> **Data to examine**
>>>>>
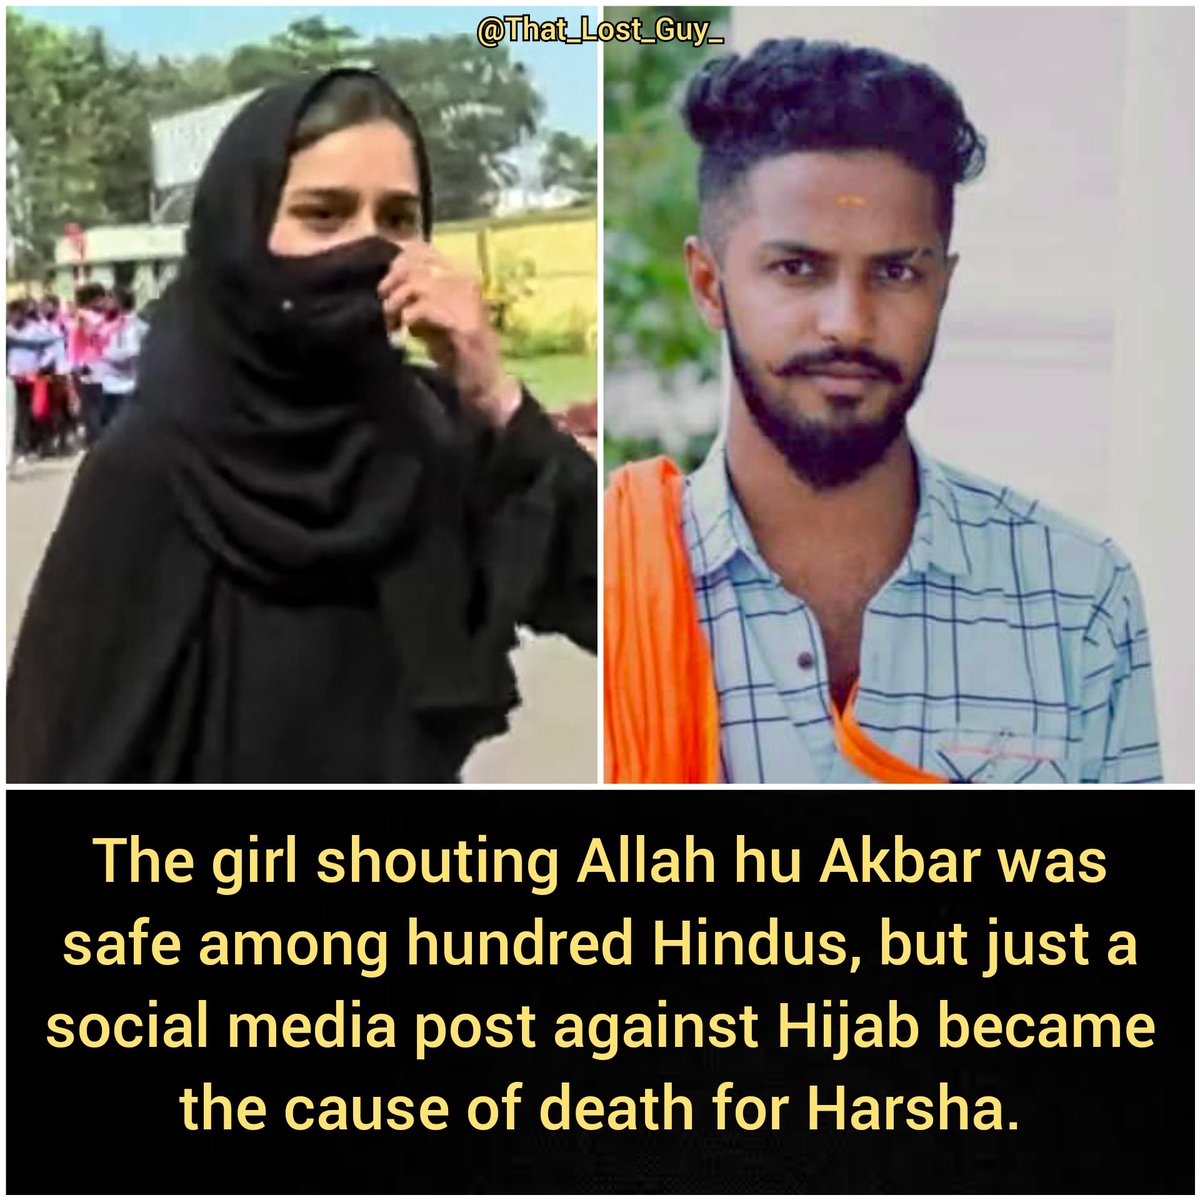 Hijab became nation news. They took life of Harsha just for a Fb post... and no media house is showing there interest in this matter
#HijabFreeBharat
<<<<<
>>>>>
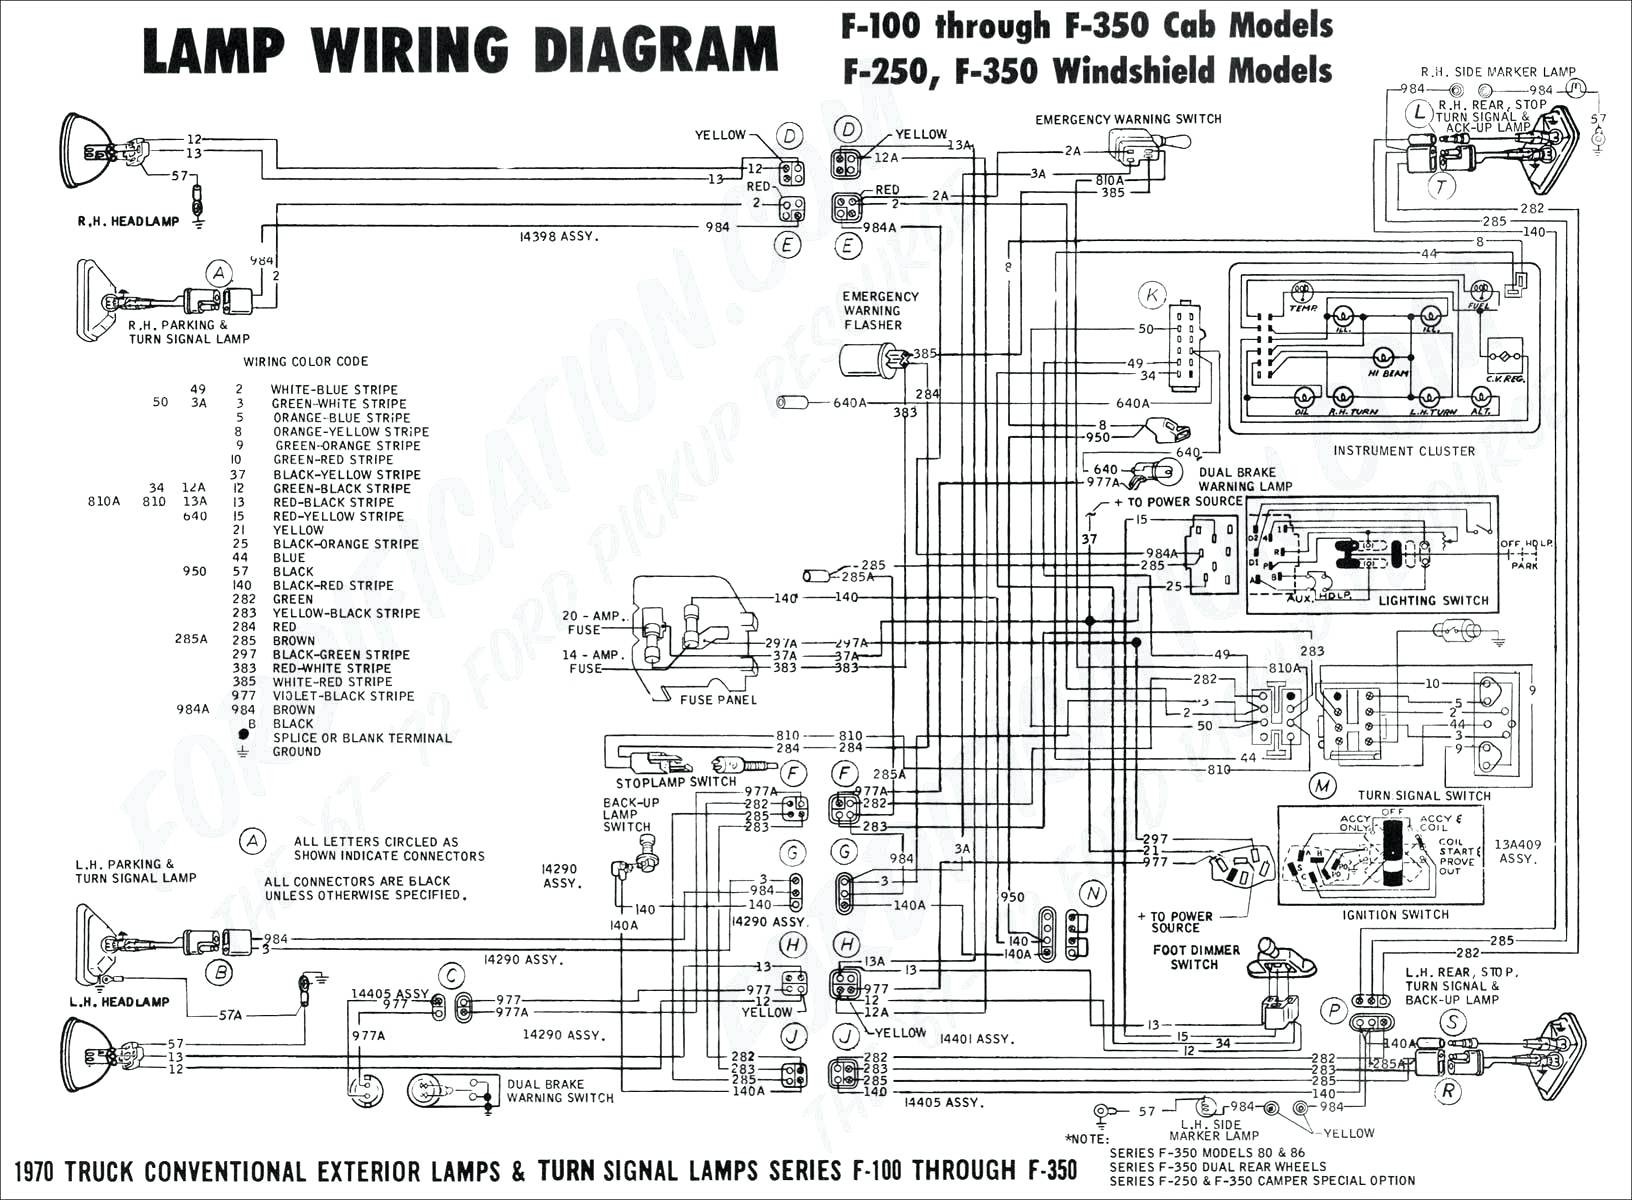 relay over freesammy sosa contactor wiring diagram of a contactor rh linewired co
<<<<<
>>>>>
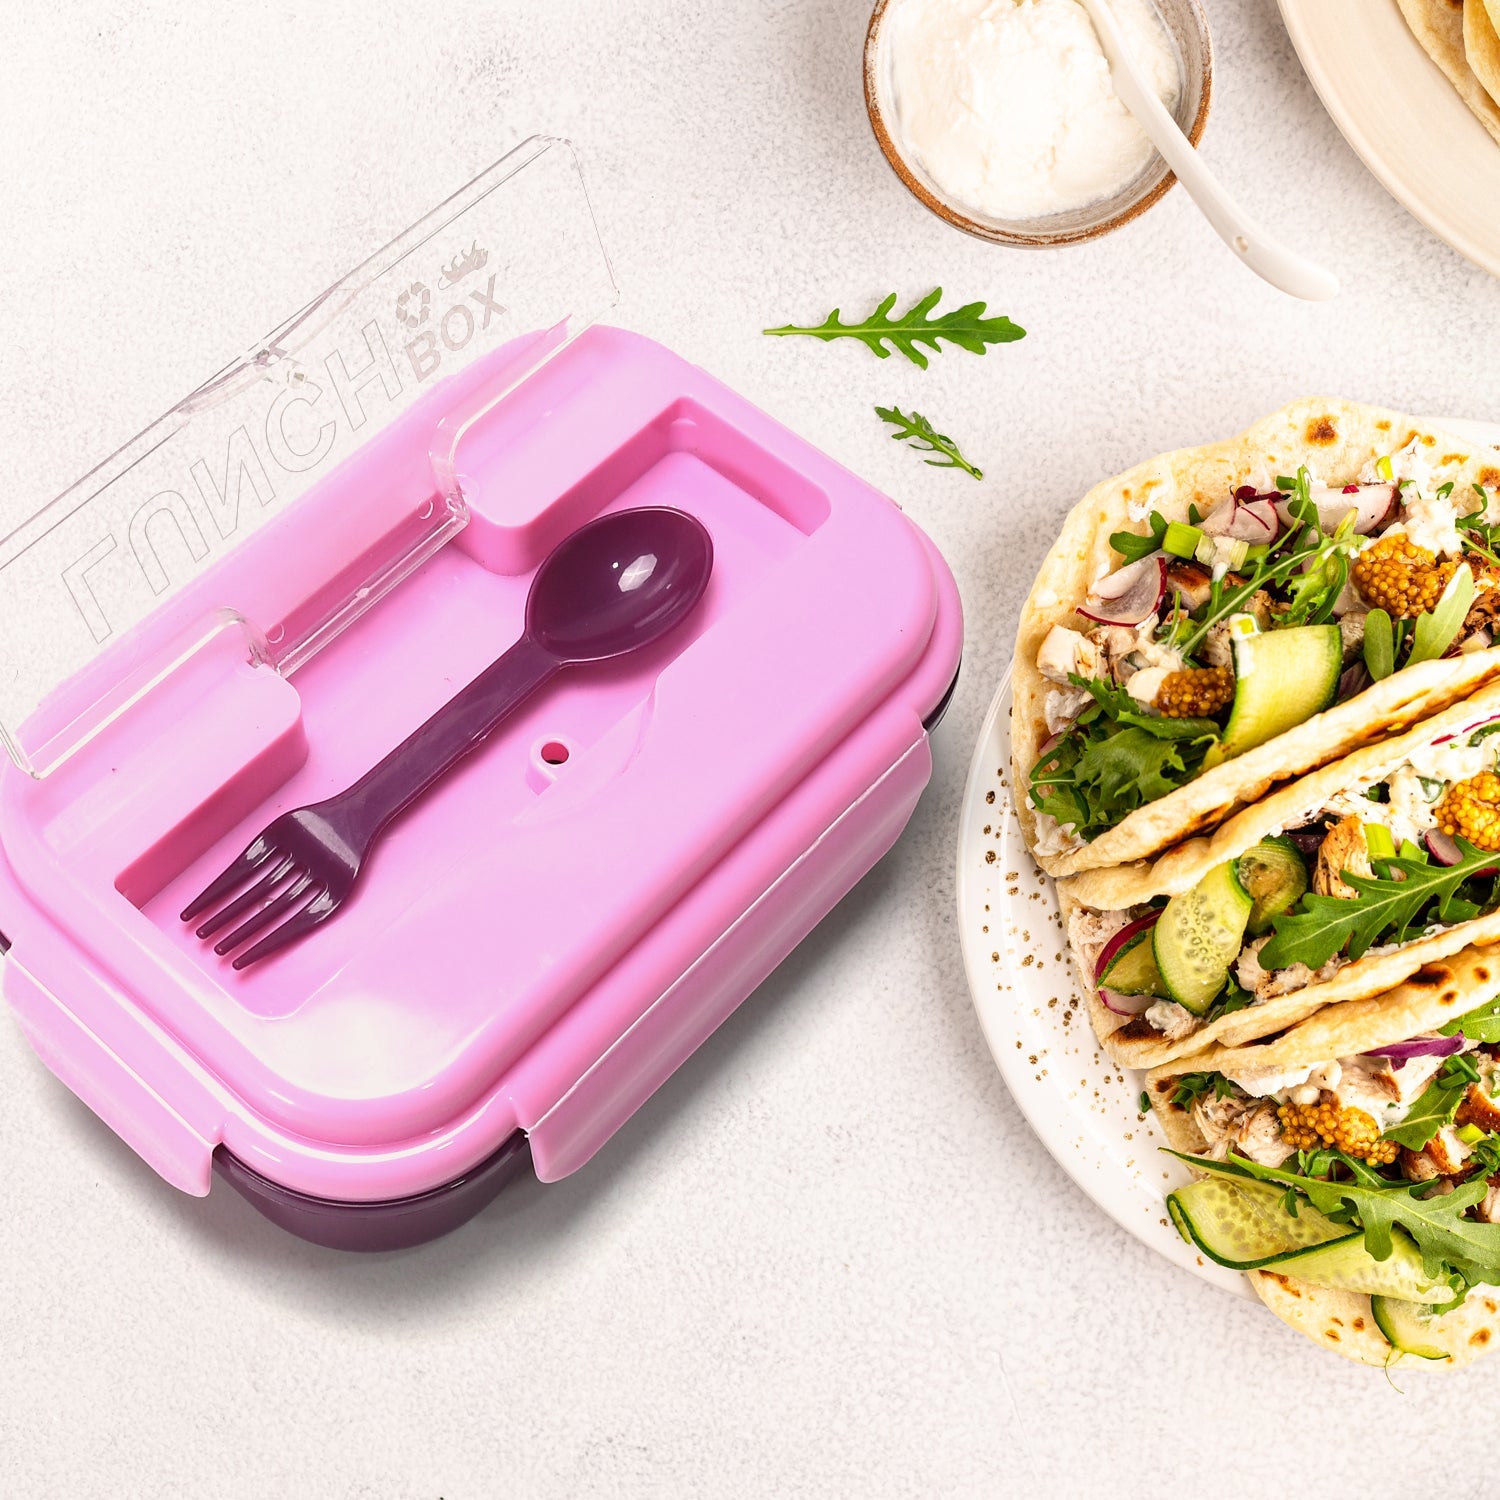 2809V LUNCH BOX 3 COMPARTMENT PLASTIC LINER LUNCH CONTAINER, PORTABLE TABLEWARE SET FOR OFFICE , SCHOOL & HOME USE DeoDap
<<<<<
> **Task brief**
Working from the data above, repeat exactly, and only, the lines that begin at the line containing "Hijab became nation" and stop after the line containing "#HijabFreeBharat"; pictures are not copied.

> **Output for this task**
 Hijab became nation news. They took life of Harsha just for a Fb post... and no media house is showing there interest in this matter
#HijabFreeBharat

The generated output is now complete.